## REQUIRED WORK
Take the listing below and write it out again exactly, skipping any picture that it holds.

## SUPPLIED MATERIAL
##############################

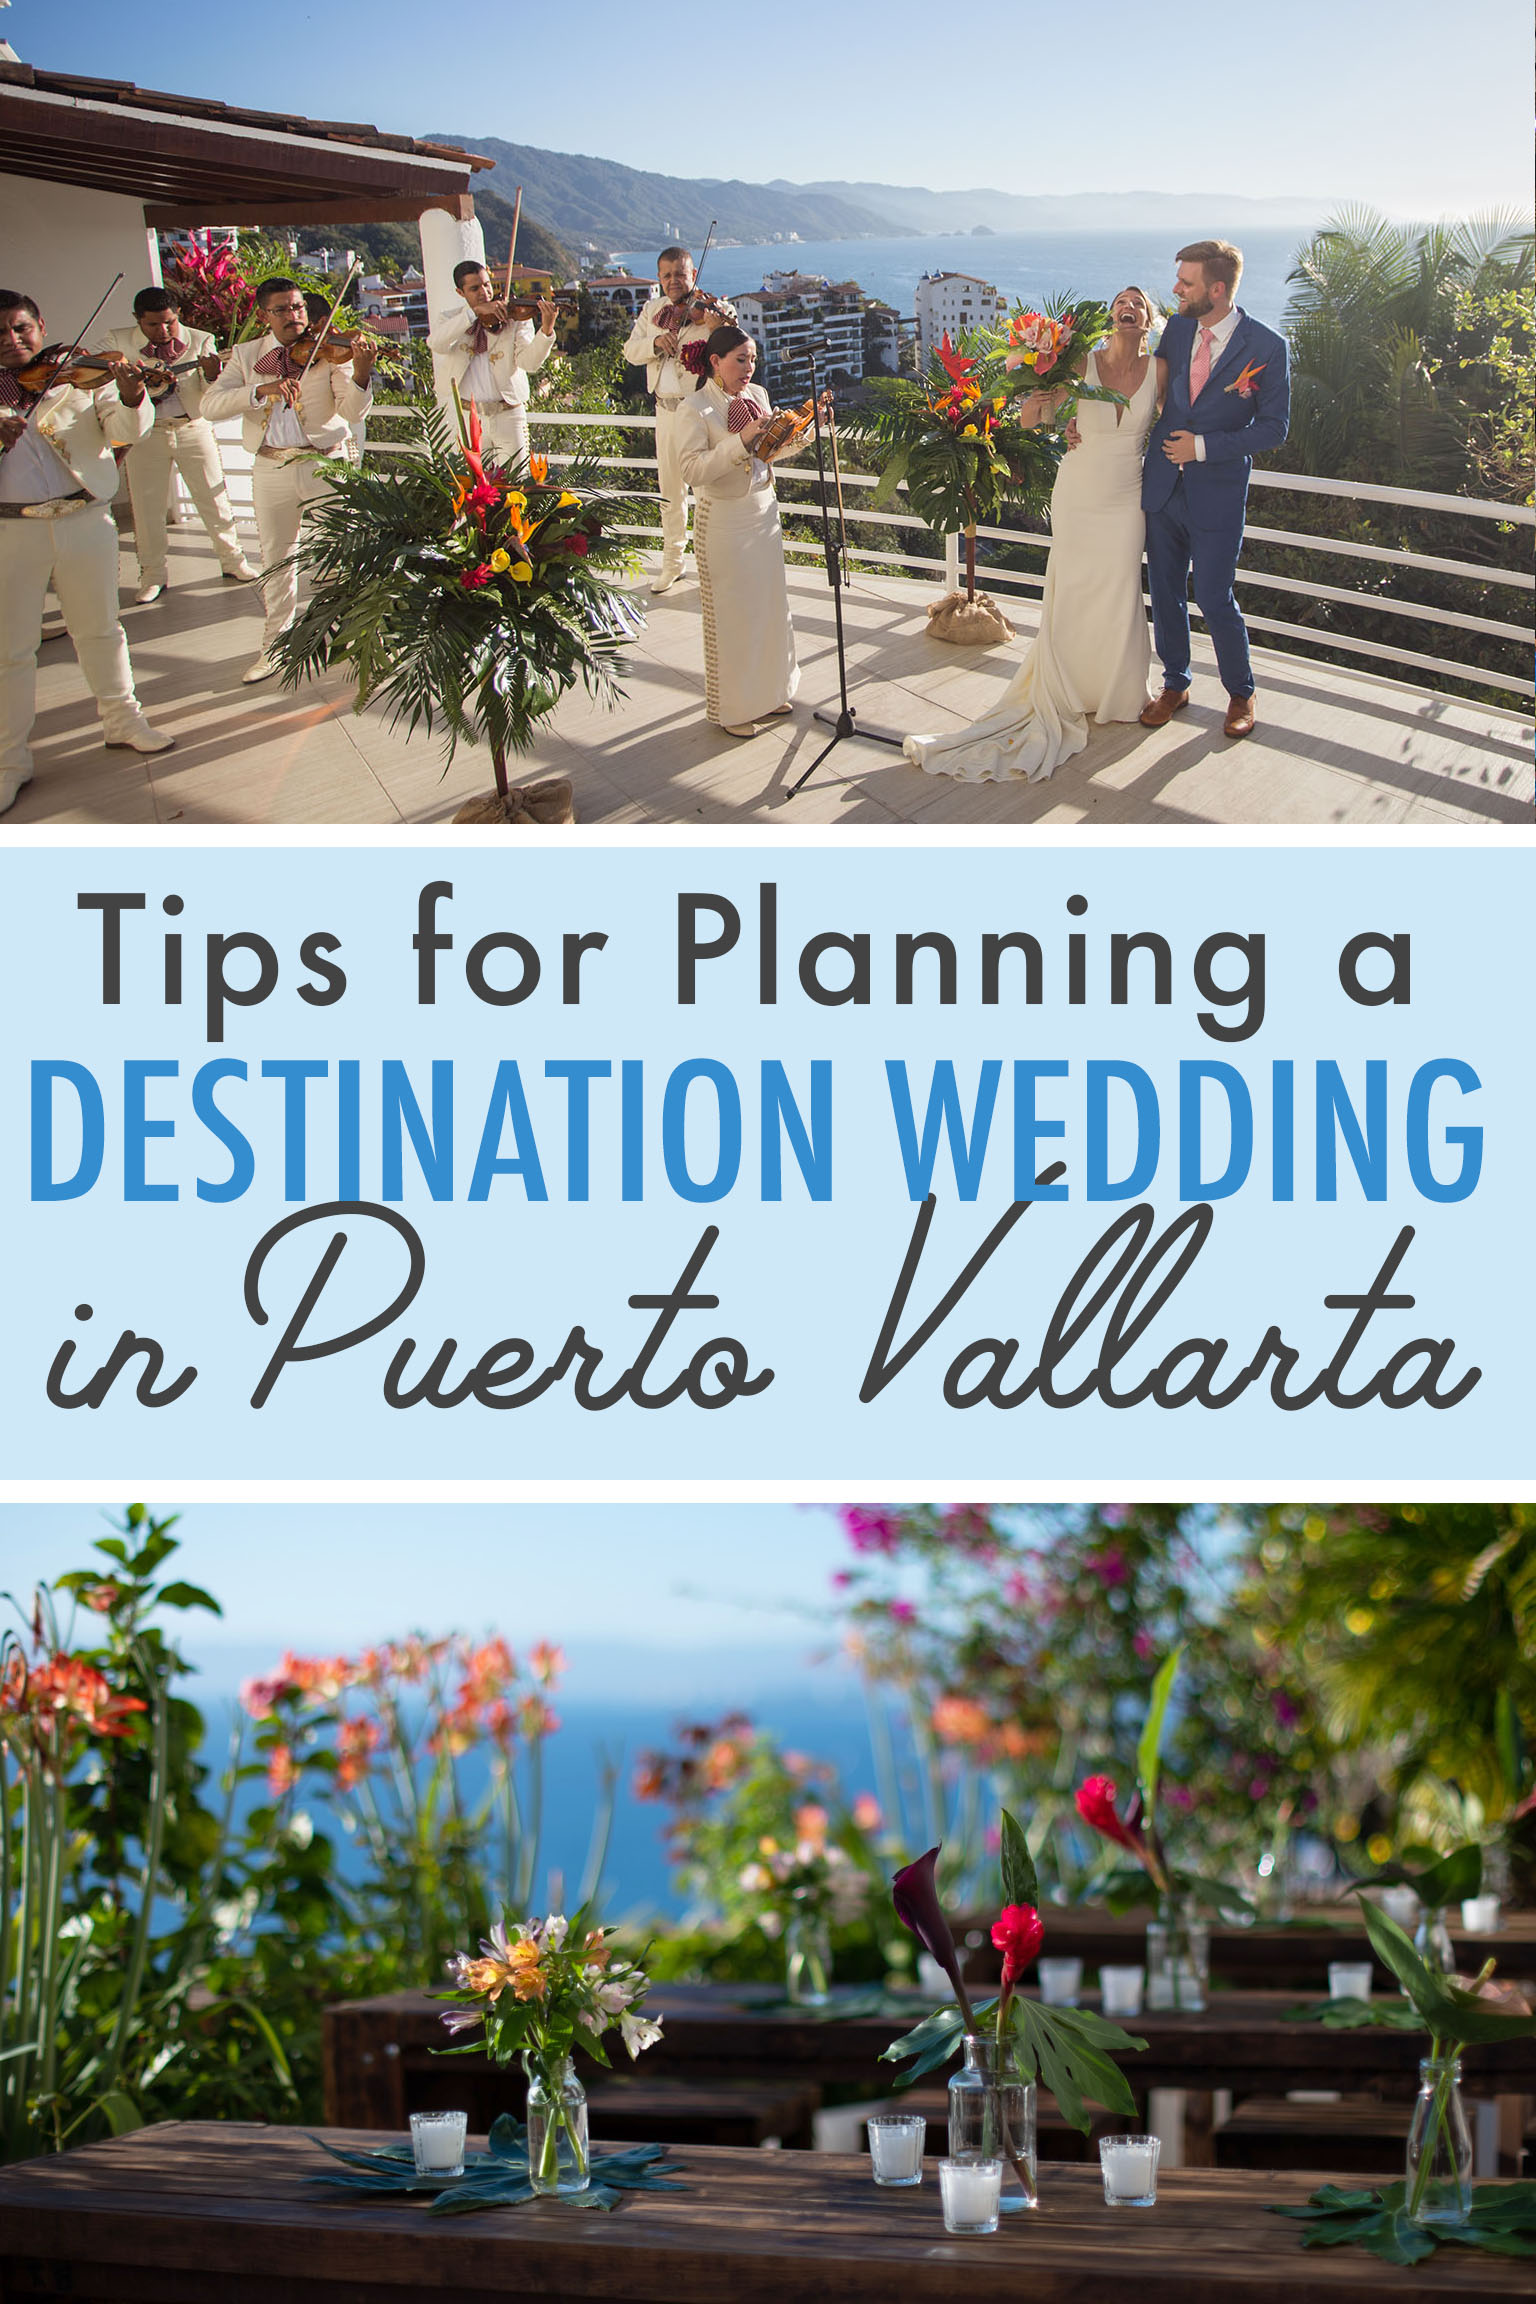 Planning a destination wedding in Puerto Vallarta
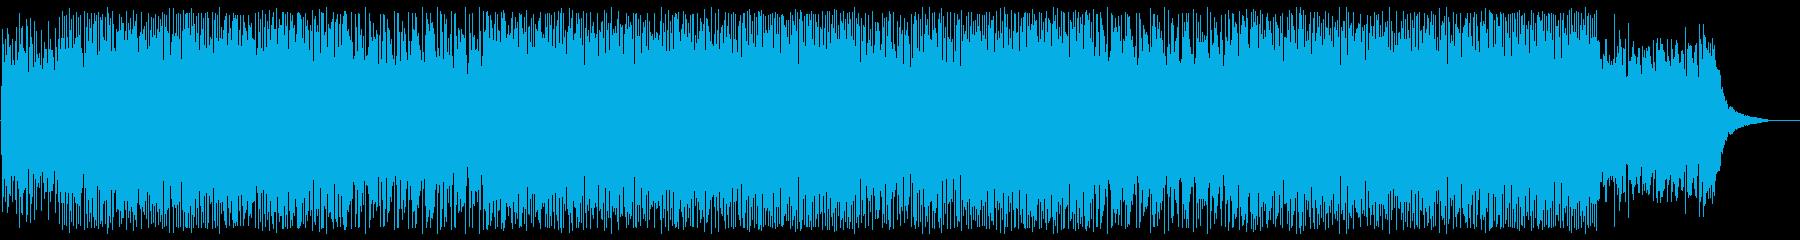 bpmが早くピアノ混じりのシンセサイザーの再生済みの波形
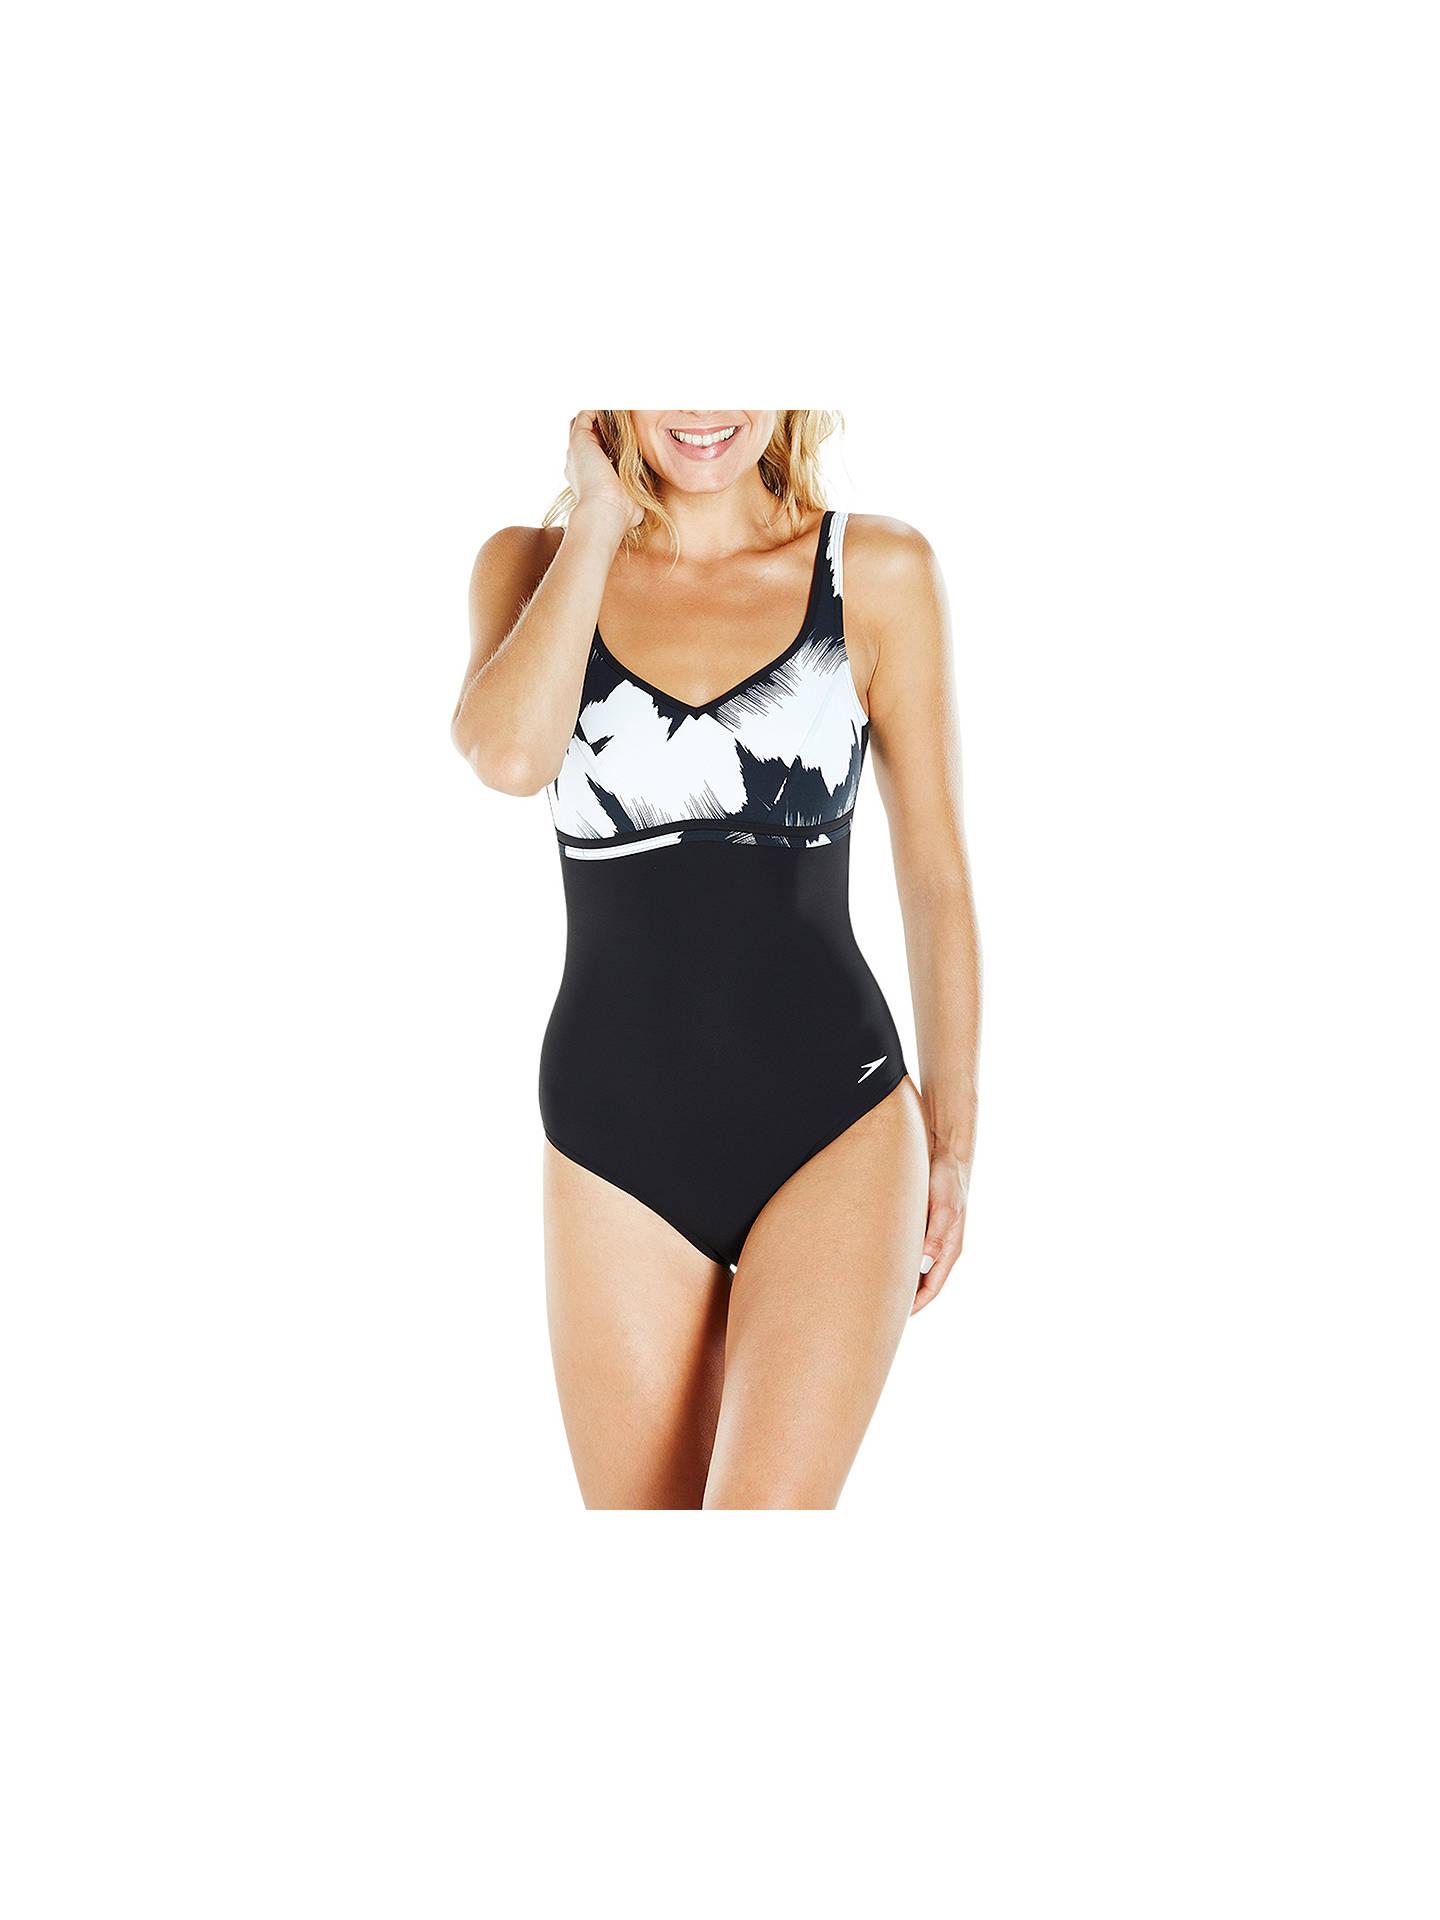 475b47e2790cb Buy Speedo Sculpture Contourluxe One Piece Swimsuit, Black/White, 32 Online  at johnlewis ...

##############################

## SOLUTION TO THIS TASK
 Planning a destination wedding in Puerto Vallarta
 bpmが早くピアノ混じりのシンセサイザーの再生済みの波形
 475b47e2790cb Buy Speedo Sculpture Contourluxe One Piece Swimsuit, Black/White, 32 Online  at johnlewis ...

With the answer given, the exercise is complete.